In rebuttal, the slaveowners’ lawyer argued that even if the 1682 statute violated God’s law, “there is no court that has power to defeat the intent of the legislature, when couched in such evident and express words” as to make its meaning clear.
The lawyer for the Native Americans was George Mason, who would author the Bill of Rights a decade later. The court reporter was Thomas Jefferson. You would not recognize the name of the slaveholders’ lawyer.
As this case makes clear, the American legal tradition was not created ex nihilo with the ratification of the Constitution. Rather, it is one tributary of an ancient river with many sources. From its very origins, American law contemplated recourse to those sources when the legitimacy of government action, including legislation, was called into controversy.
This is the subject of Common Good Constitutionalism, Adrian Vermeule’s new book on the nature of American law.
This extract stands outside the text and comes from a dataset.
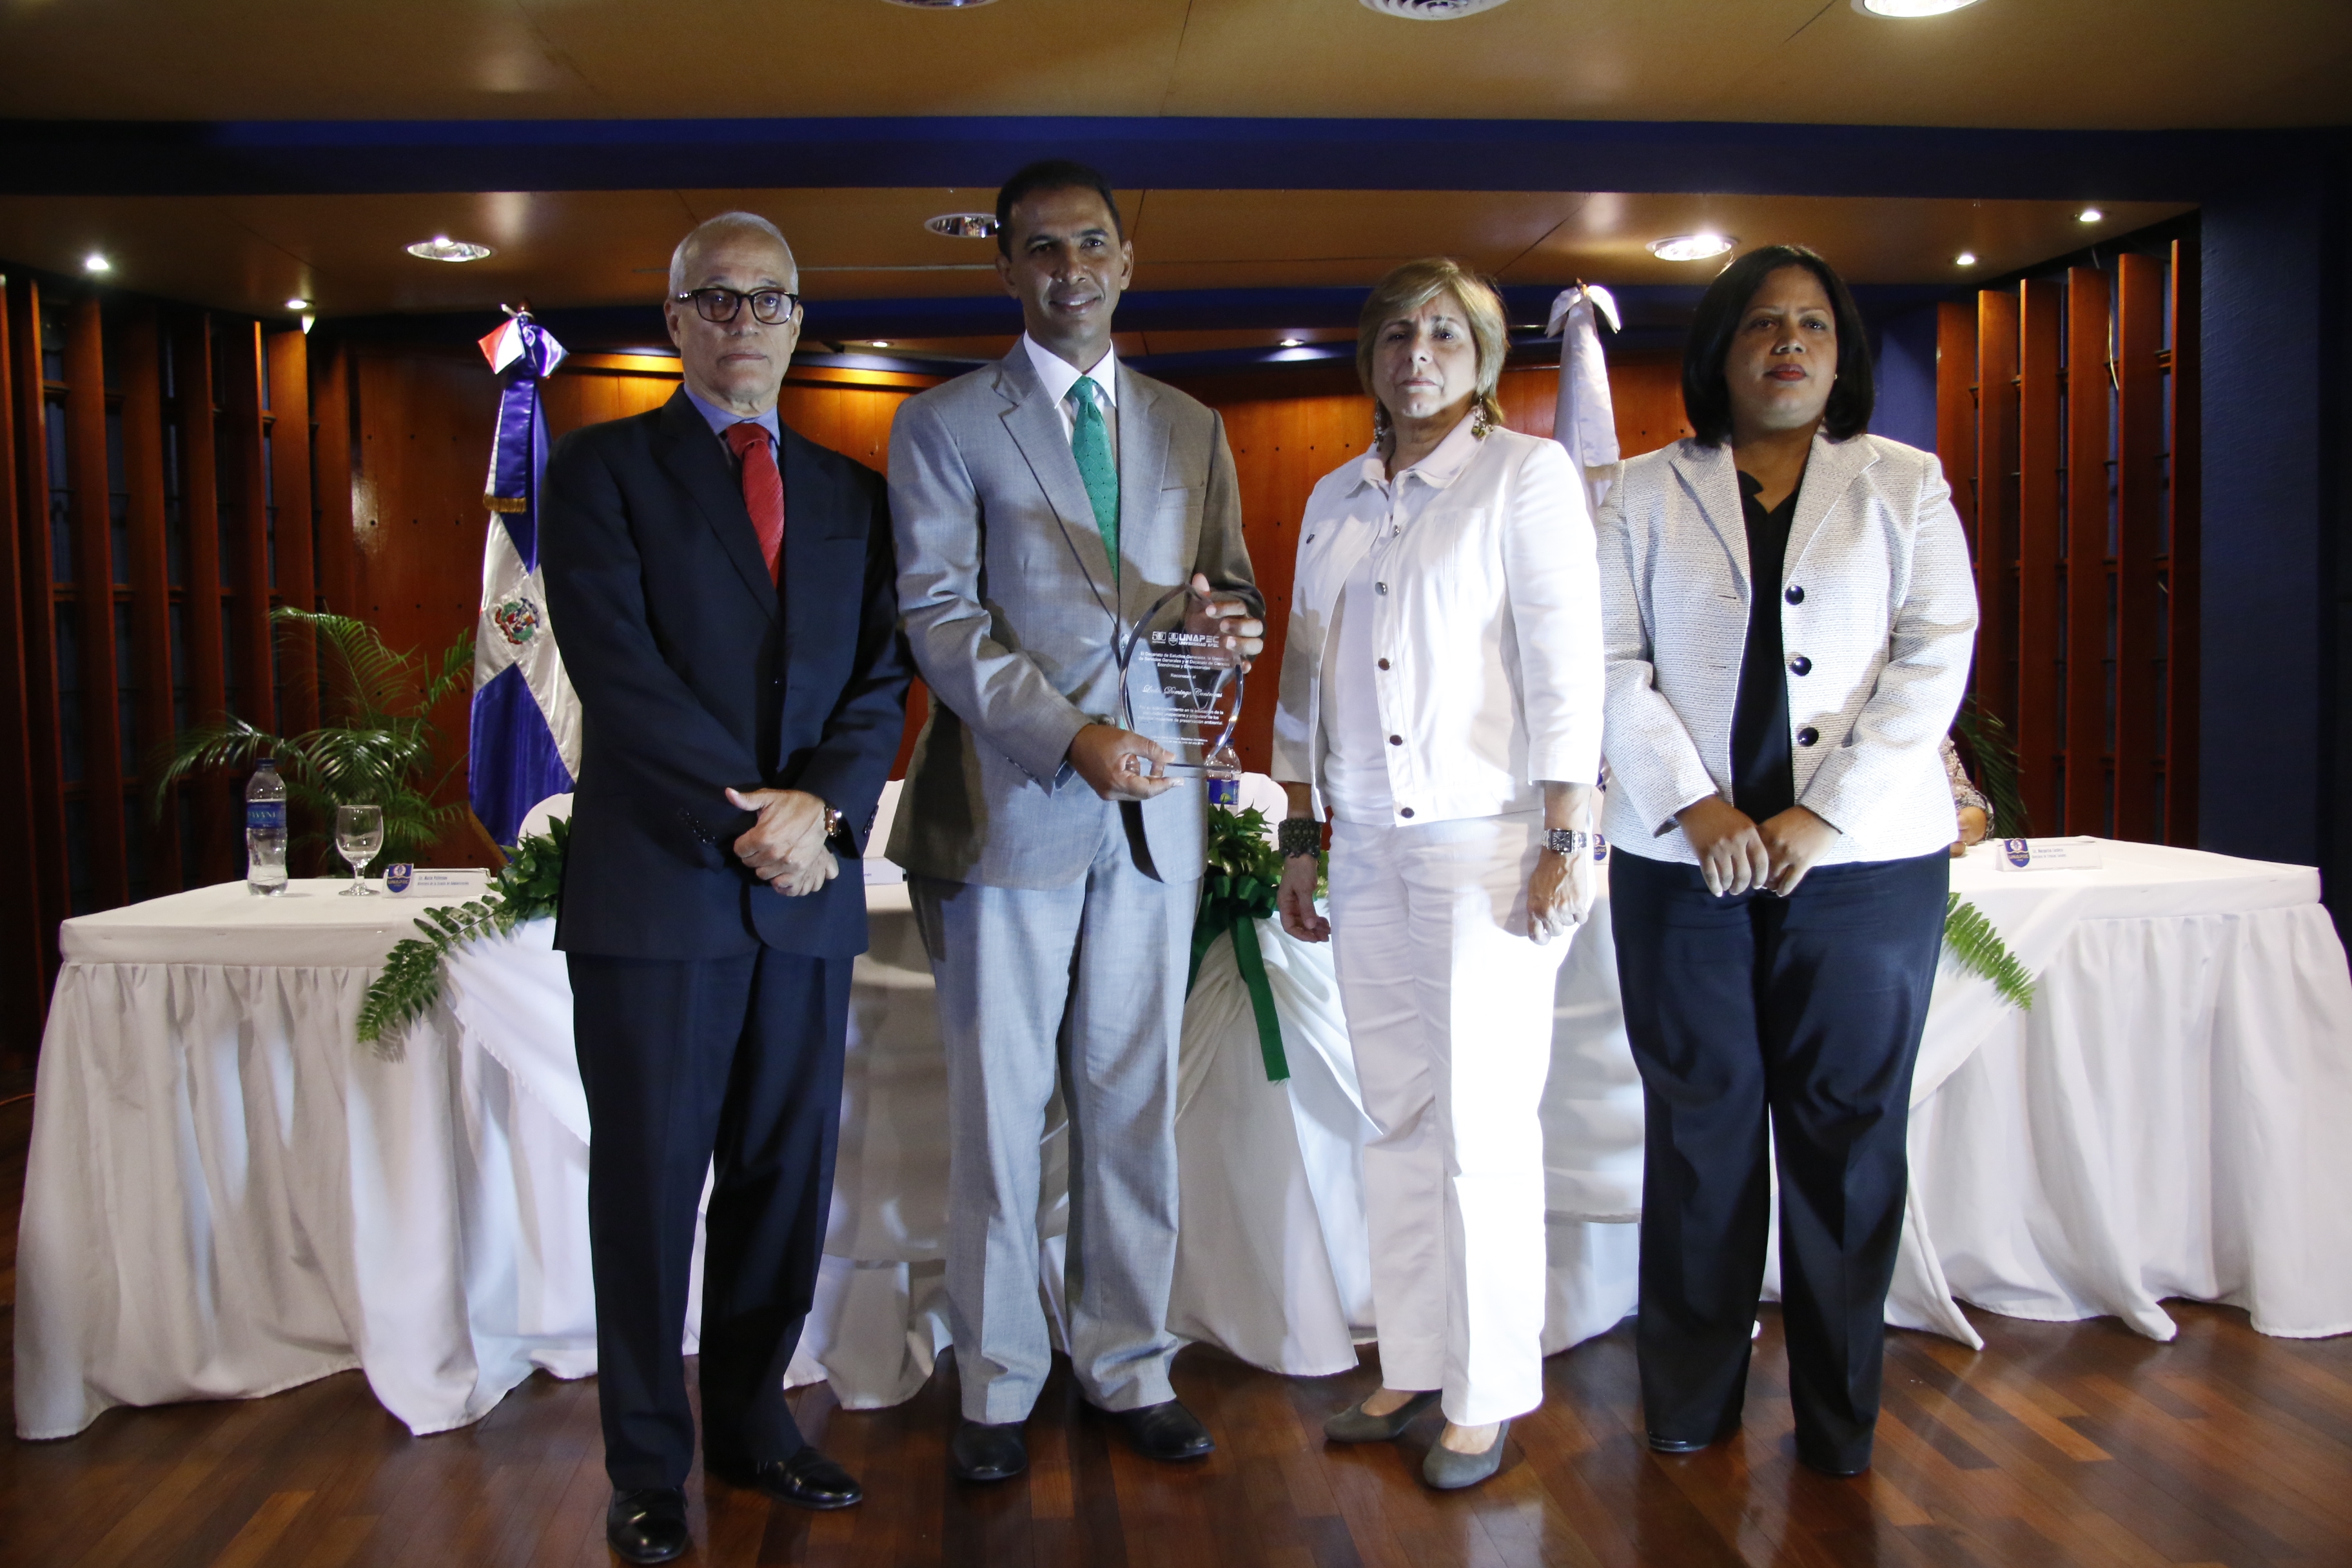 Domingo Contreras recibió la placa de reconocimiento de manos del Dr. Andrés L. Mateo, María Pellerano y Eveliny Alcántara.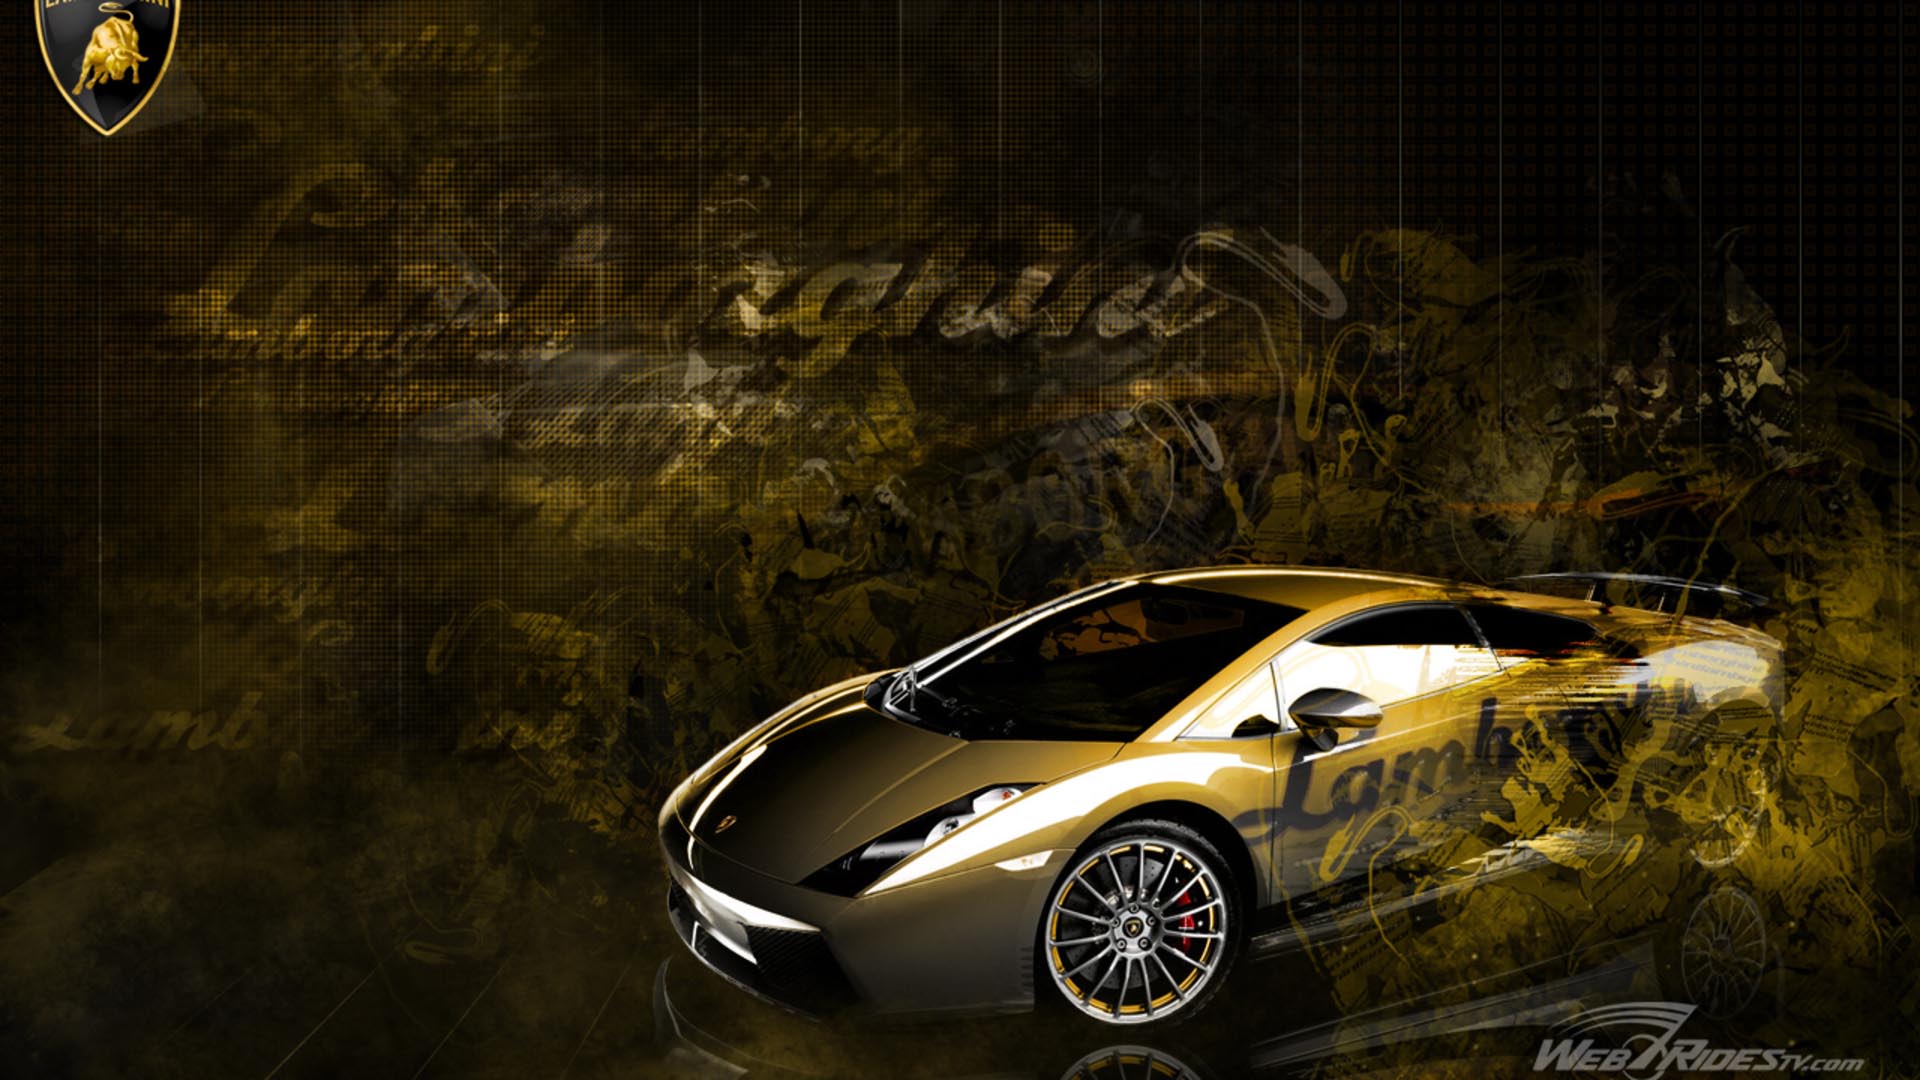 Top 10 Lamborghini Wallpapers - Original Preview - walmage.com ...

With it, he aims not so much at setting forth a new theory of constitutional interpretation but at lifting the lid on our modern paradigm to give us a glimpse at the way law was understood in an earlier age.
Vermeule’s foundational premise is that America’s founding generation understood law—law as a concept, not in the sense of a particular rule—as it was understood by countless generations before them: as “an ordinance of reason for the common good, promulgated by a public authority who has charge of the community.” From Aquinas to Blackstone, law was understood to be rooted in God’s good will for mankind and to have the good of the polity as its purpose. Vermeule wants to restore this understanding of the law and find its application to our contemporary circumstances.
Needless to say, his project is deeply at odds with the two reigning legal philosophies of our day, living constitutionalism and originalism. In the classical view, the common good is indivisible, and its content includes goods such as peace, justice, and abundance. This sounds dangerous to living constitutionalists, for whom the greatest good, and therefore the aim of the law, is the liberation of the individual from all constraints on self-definition and self-creation. In this view, the public interest comprises the aggregation of individual interests, maximum autonomy for the greatest number of people. In this light, the “common good” in classical terms seems to imply sacrificing individual interests to the collective.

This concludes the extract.